But the knife-crime rate, StatsCan notes, reflects this province's higher violent crime incidence, not any particular affinity criminals here have with blades.

The Criminal Code generally proscribes the use of a knife as a weapon, wielded to harm or threaten someone.

The law in Canada reflects the fact that restricting knives in general would impinge upon the use of a ubiquitous tool found in households, used also by tradespeople, hunters, gardeners and sporting enthusiasts.

Chief McCaskill's problem is with those knives that are in the possession of those likely to commit crime, and so he is intrigued by suggestions of Saskatoon's police chief, who has called upon the legislature to give police the ability to seize knives they think may be used in a crime.

The Saskatchewan government has not done that, reflecting the fact that it is tough to separate tool from weapon, even for an officer of the law, and giving police that much discretion would likely infringe the rights of citizens.

That is why the Criminal Code proscribes the use of weapons, regardless of what they look like.

Aside from the difficulty of separating the criminal knives from the useful ones, banning or seizing them on the street will have limited effect, at best, at reducing the toll on victims.

StatsCan found that about half of the stabbings happened between acquaintances and most of them were relatives. That suggests that many of the stabbings happened in the home, not in public.

To add one more wrinkle to the knife-ban plan, StatsCan's survey defined a knife as all piercing or cutting instruments, including broken bottles, screwdrivers and scissors.

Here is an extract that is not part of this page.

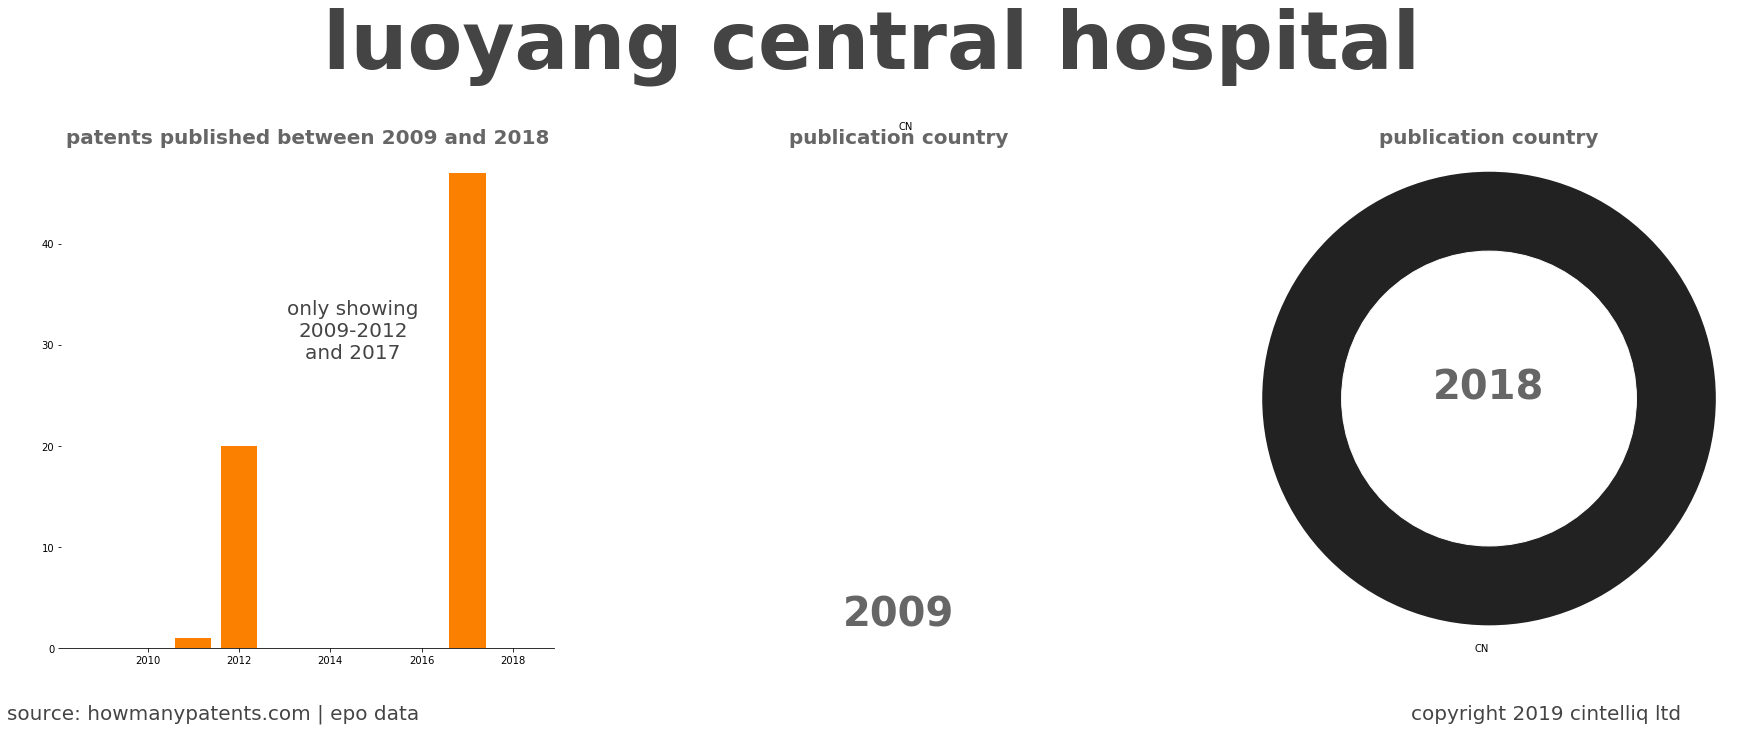 summary of patents for Luoyang Central Hospital

There is a veritable toolbox full of potential weapons inside every house. Assuming they will be used for criminal purposes once taken onto the streets is too broad a reach of the law, which is what the Criminal Code already recognizes for knives, screwdrivers and scissors.

Editorials are the consensus view of the Winnipeg Free Press’ editorial board, comprising Catherine Mitchell, David O’Brien, Shannon Sampert, and Paul Samyn.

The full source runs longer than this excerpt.